Start of Exercise data
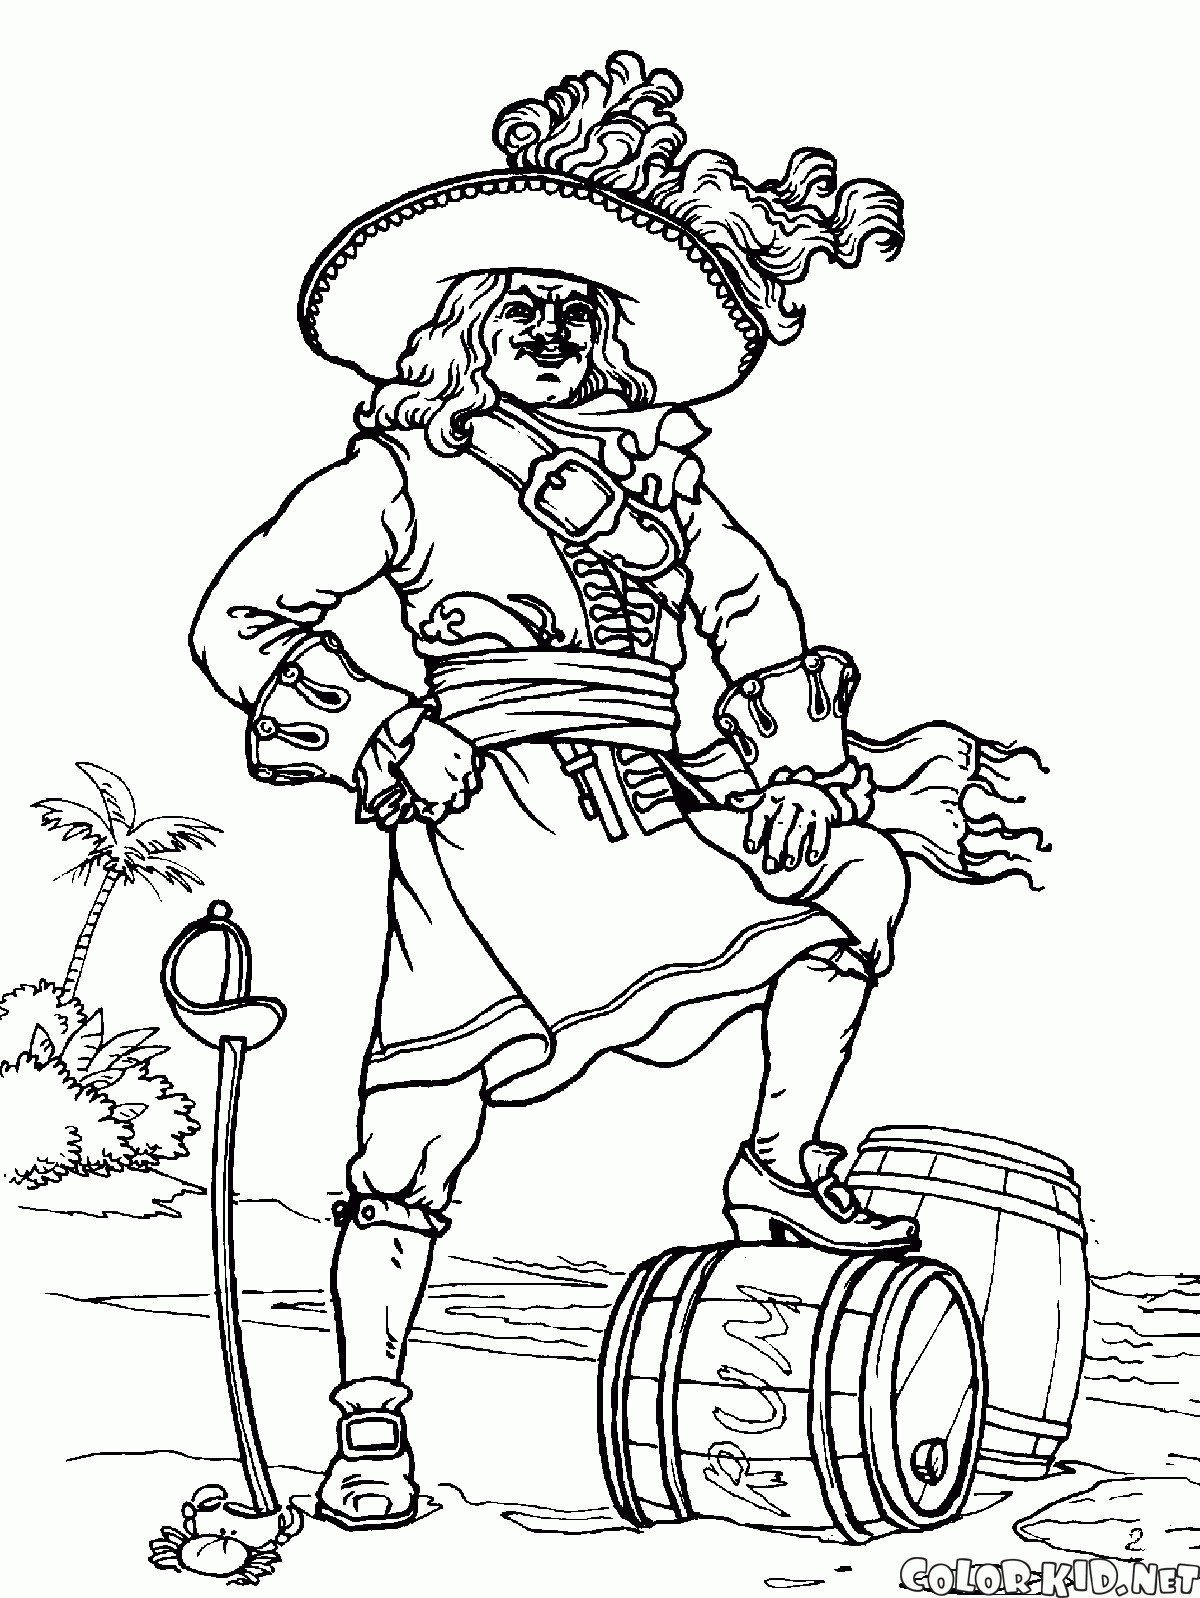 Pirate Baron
End of Exercise data
Start of Exercise data
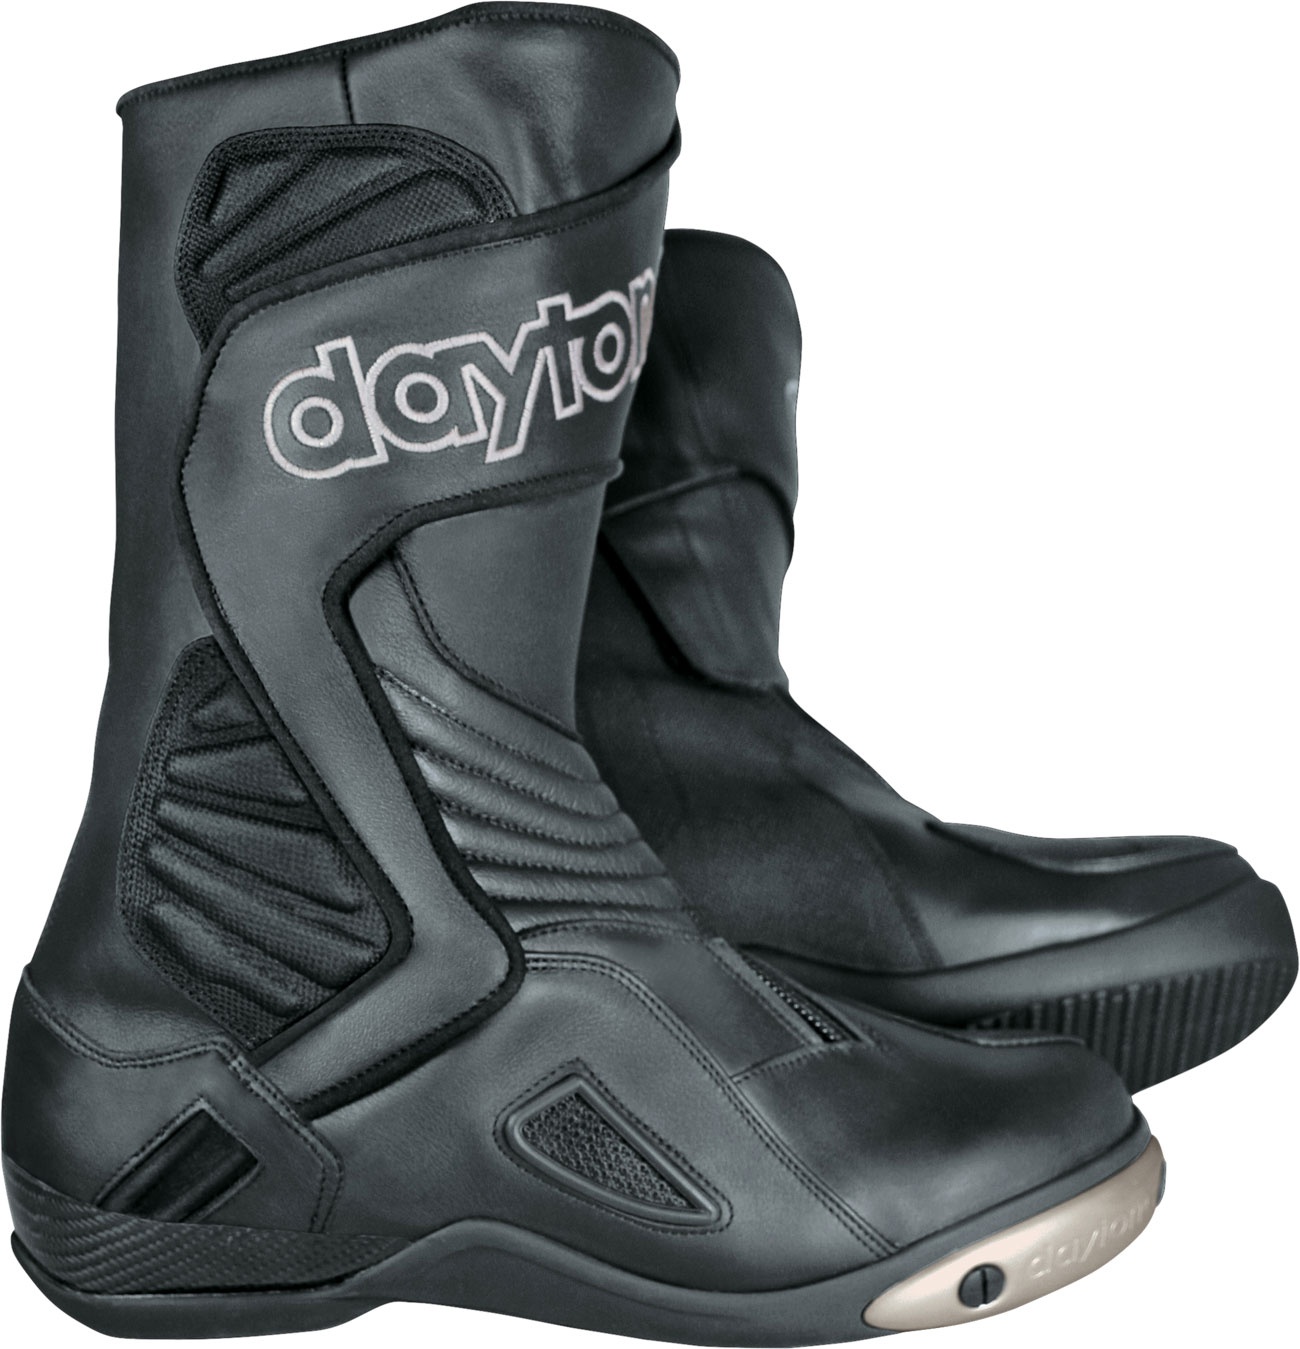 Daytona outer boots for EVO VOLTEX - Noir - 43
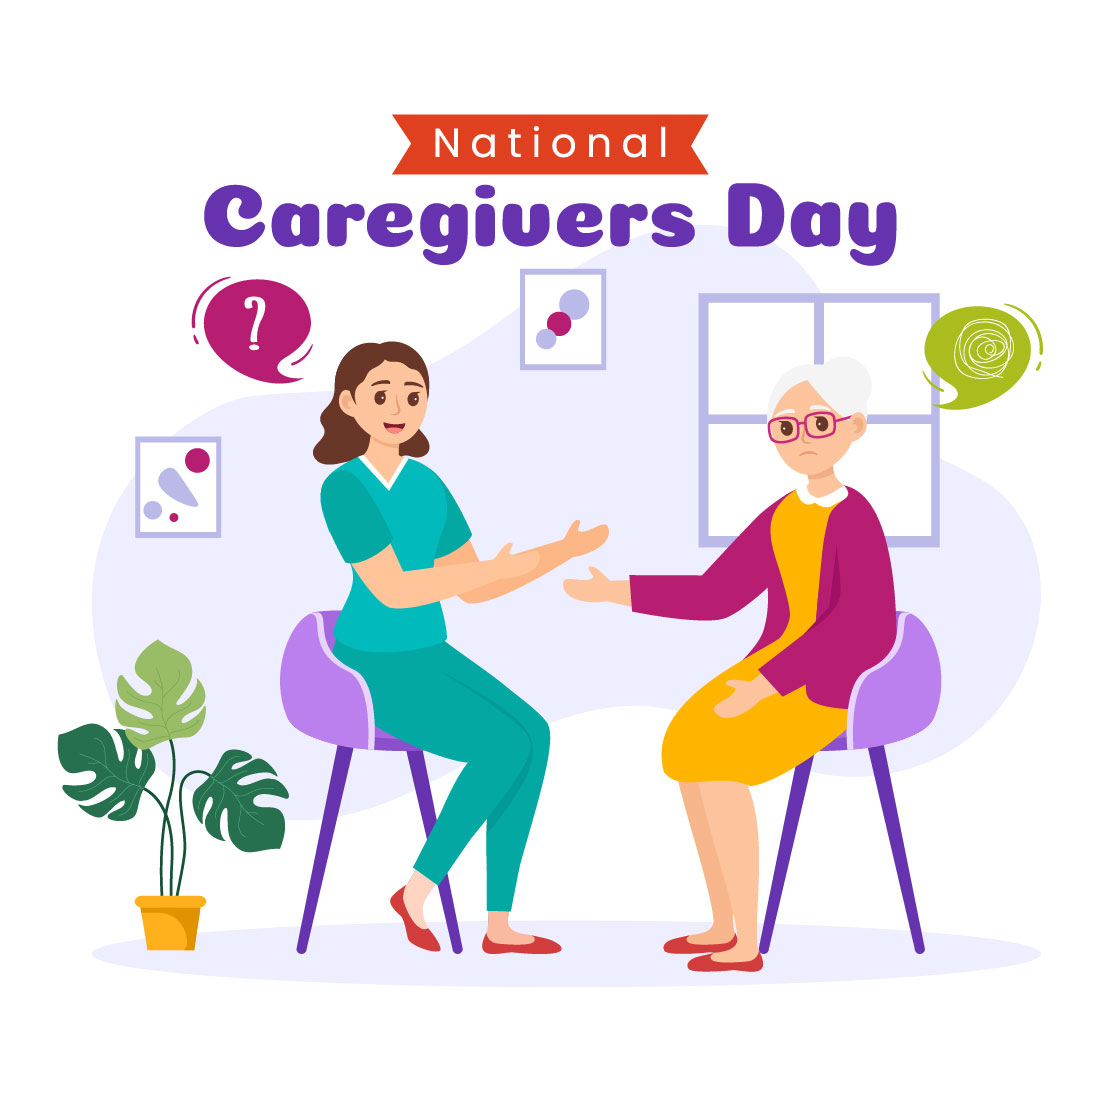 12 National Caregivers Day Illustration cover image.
End of Exercise data
• _Activity_: In the records above, find the line with "Daytona outer boots" and the line with "12 National Caregivers". Write out exactly those lines and every one between, with no pictures and no other lines.

• _Reply_:
 Daytona outer boots for EVO VOLTEX - Noir - 43
 12 National Caregivers Day Illustration cover image.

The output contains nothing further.